Submitted to: Ecosphere
Publication Type: Peer Reviewed Journal
Publication Acceptance Date: 3/8/2016
Publication Date: 7/1/2016
Publication URL: http://handle.nal.usda.gov/10113/62975
Citation: Hamerlynck, E.P., Sheley, R.L., Davies, K.W., Svejcar, A.J. 2016. Postdefoliation ecosystem carbon and water flux and canopy growth dynamics in sagebrush steppe bunchgrass. Ecosphere. 7(7):1-21. doi: 10.1002/ecs2.1376.
Interpretive Summary: Land use managers constantly develop and improve practices that maintain rangeland productivity. We studied the effects of defoliation (simulated grazing) on photosynthesis, water use and plant productivity. Clipped plants recovered photosynthetic capacity quickly after defoliation, but new growth was allocated more to leaves and less to reproductive output. This led us to conclude that while net primary productivity may recover quickly, seed production for recruitment of new individuals may require periodic rest from defoliation, and that land use managers should weigh the net effect of practices that may be sustainable for forage production against their possible effects to plant reproduction.

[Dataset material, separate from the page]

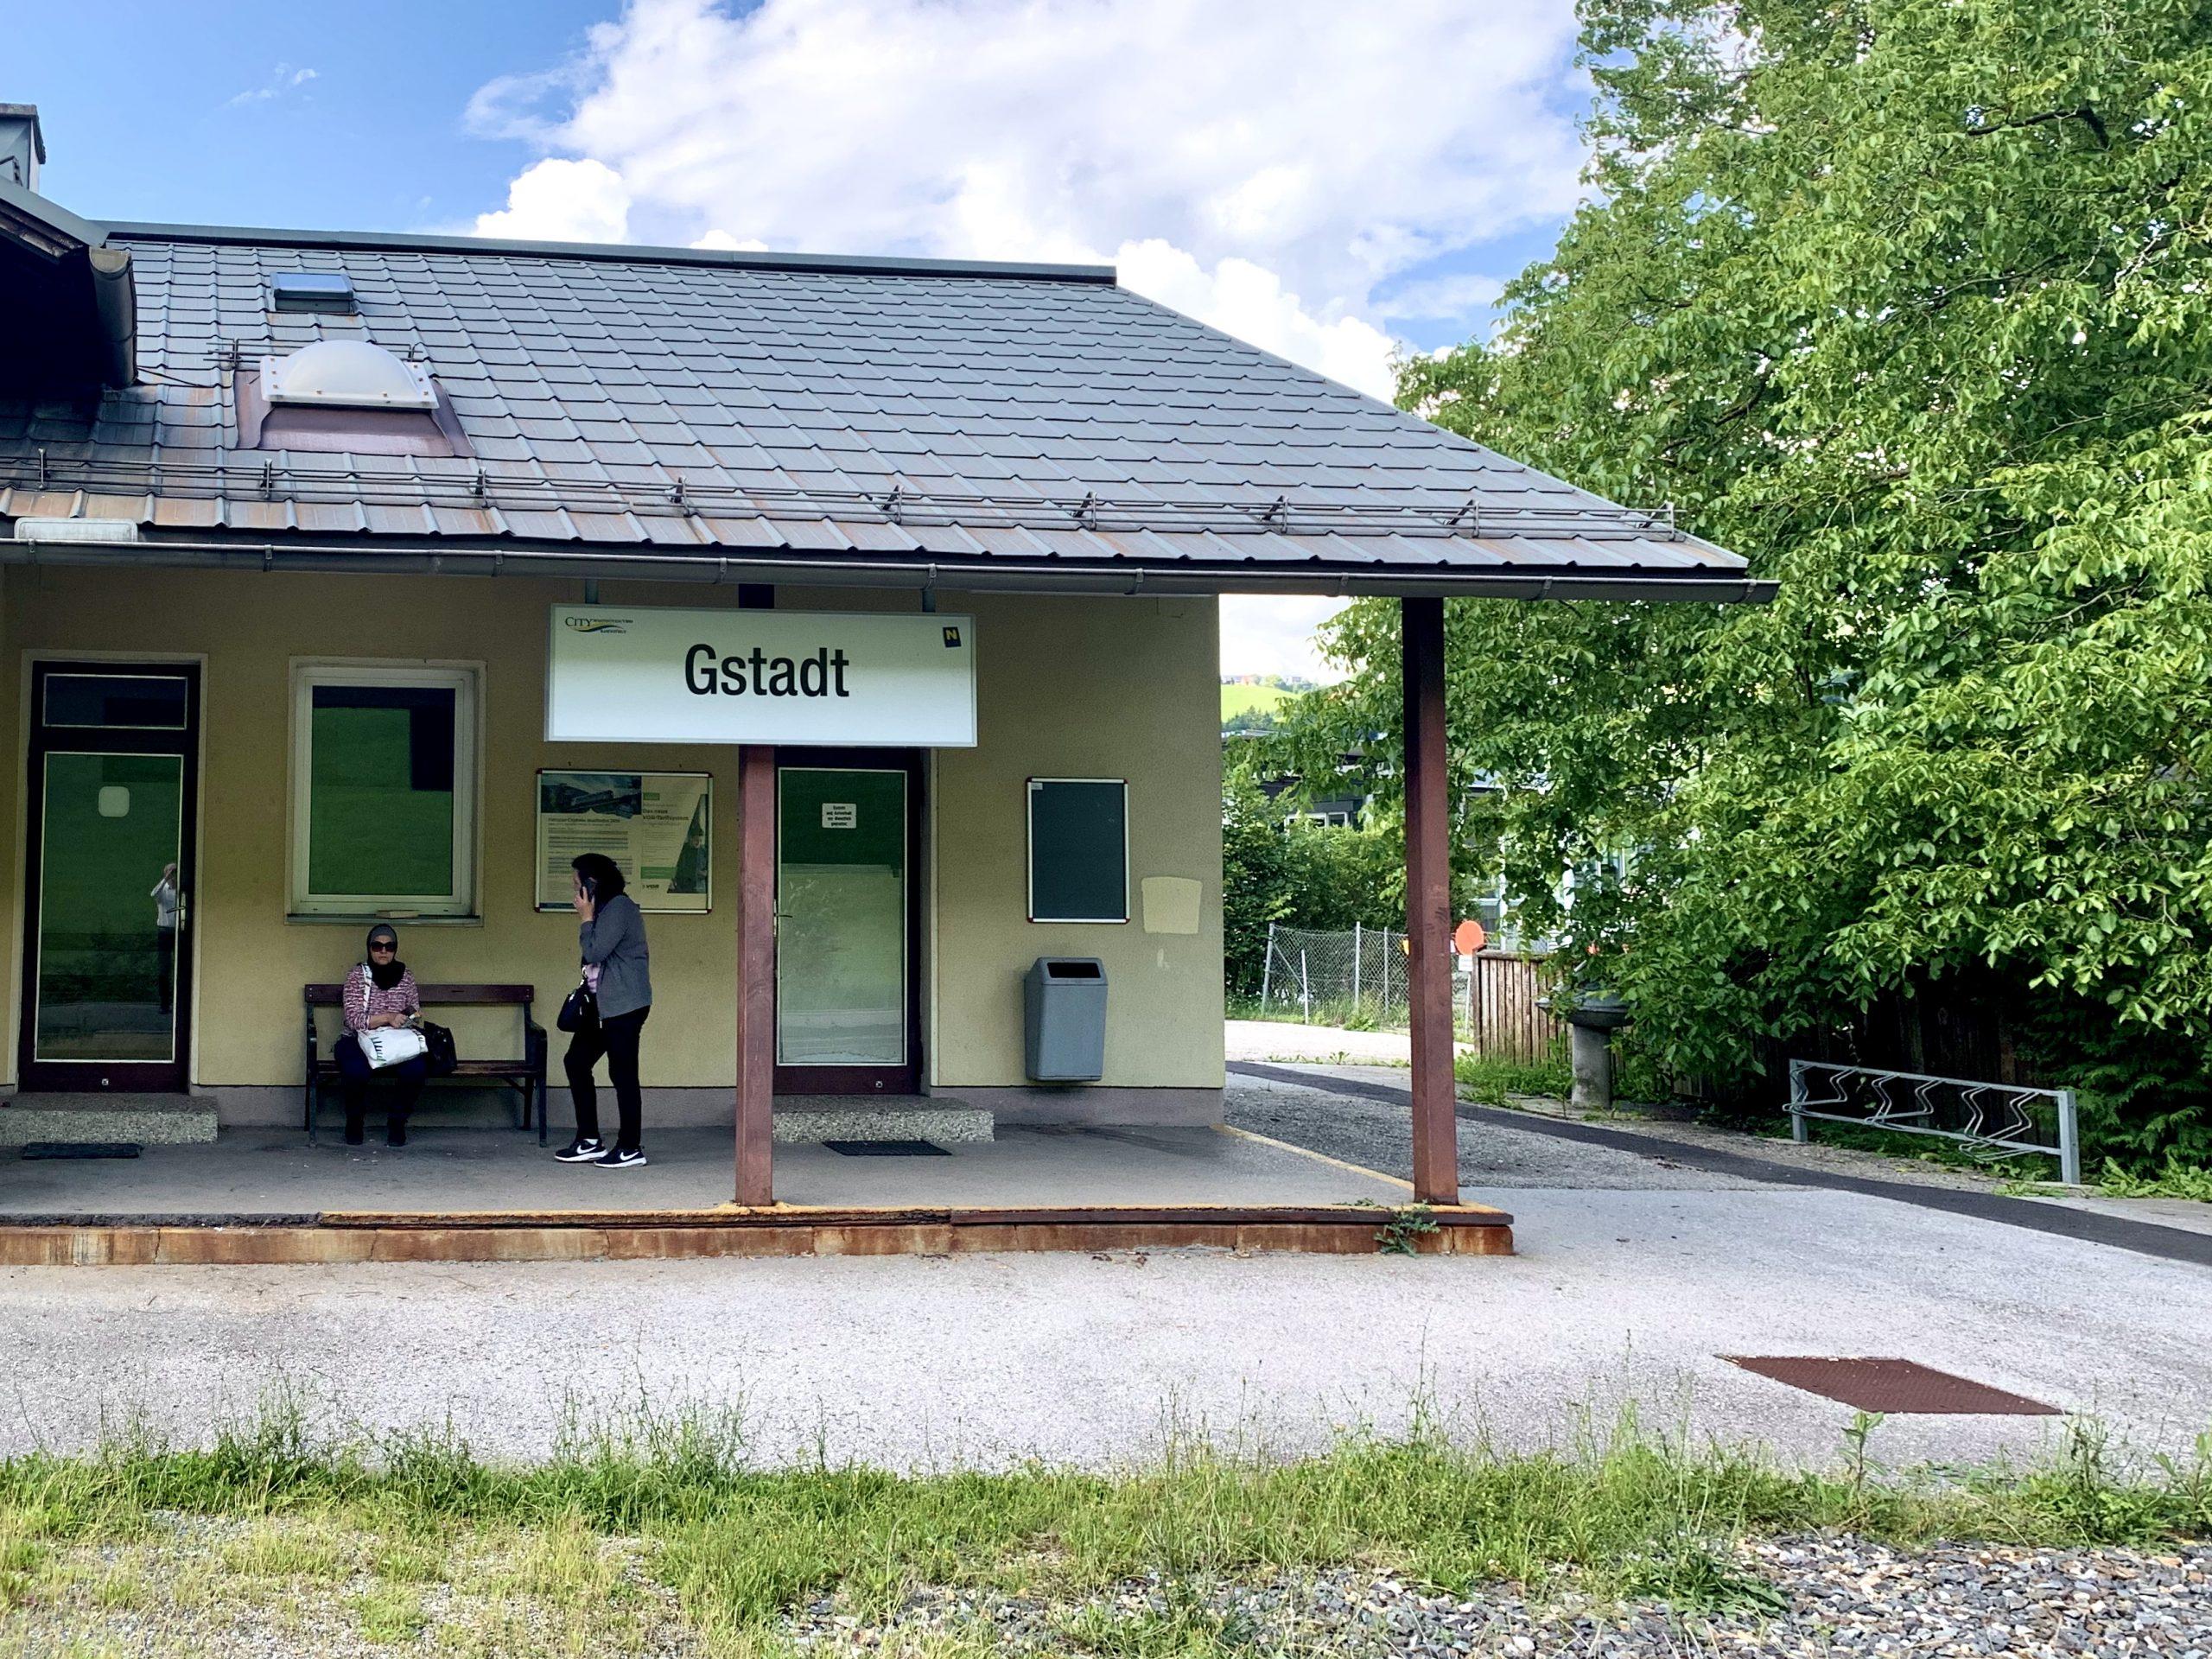 bahnhof gstadt ybbstalbahn

Technical Abstract: Developing land-use practices that lead to sustainable net primary productivity in rangelands are important, but understanding their consequences to population and community processes is not often accounted for in basic ecosystem studies. Grazed and ungrazed upland ecosystems generally do not differ in net ecosystem CO2 exchange (NEE), but the underlying mechanisms and the concurrent effects of defoliation to vegetative and reproductive biomass allocation are unclear. To address this, we measured evapotranspiration (ET), NEE and its constituent fluxes of ecosystem respiration (Reco) and gross ecosystem photosynthesis (GEP) with live canopy leaf area index (LAIlive; m2 live leaf area m-2 ground area) and aboveground leaf, culm and reproductive biomass in plots of clipped and unclipped squirreltail (Elymus elymoides) and bluebunch wheatgrass (Psuedoregnia spicata) growing in intact sagebrush steppe. Clipping reduced LAIlive by 75%, but subsequent re-growth rates in clipped plots was similar to LAIlive accumulation in unclipped plots. Concurrently, ET and NEE was similar between clipped and unclipped plots, with NEE primarily determined by GEP. GEP was initially lower in clipped plots, but then converged with unclipped GEP even as LAIlive continued to increase in both treatments. GEP convergence was driven by higher whole-plant photosynthesis (GEPlive = GEP/LAIlive) in clipped plots. Ecosystem water use efficiency (GEP/ET) was reduced by 16% with clipping, due to two weeks of low GEP/ET immediately following defoliation, but GEP/ET converged before GEP levels did. Proportional reproductive biomass was higher in squirreltail (21.4% total biomass) than in bluebunch (0.5% total biomass), likely due to lower allocation to leaf and culm specific mass. Clipping reduced reproductive effort in squirreltail, in terms of total reproductive biomass (-56%), seed mass per unit leaf area (-64%), and seed mass per flowering head (-77%). We concluded defoliation enhanced canopy-level light penetration, not increasing LAIlive, led to rapid recovery of ecosystem flux functionality, but that vegetative regrowth supporting high GEPlive reduced overall reproductive effort in these range grasses. We believe studies such as this provide the detailed, integrated results needed for systems-based land-use strategies to optimize annual productivity and attain long-term population and community goals in semi-arid rangeland ecosystems.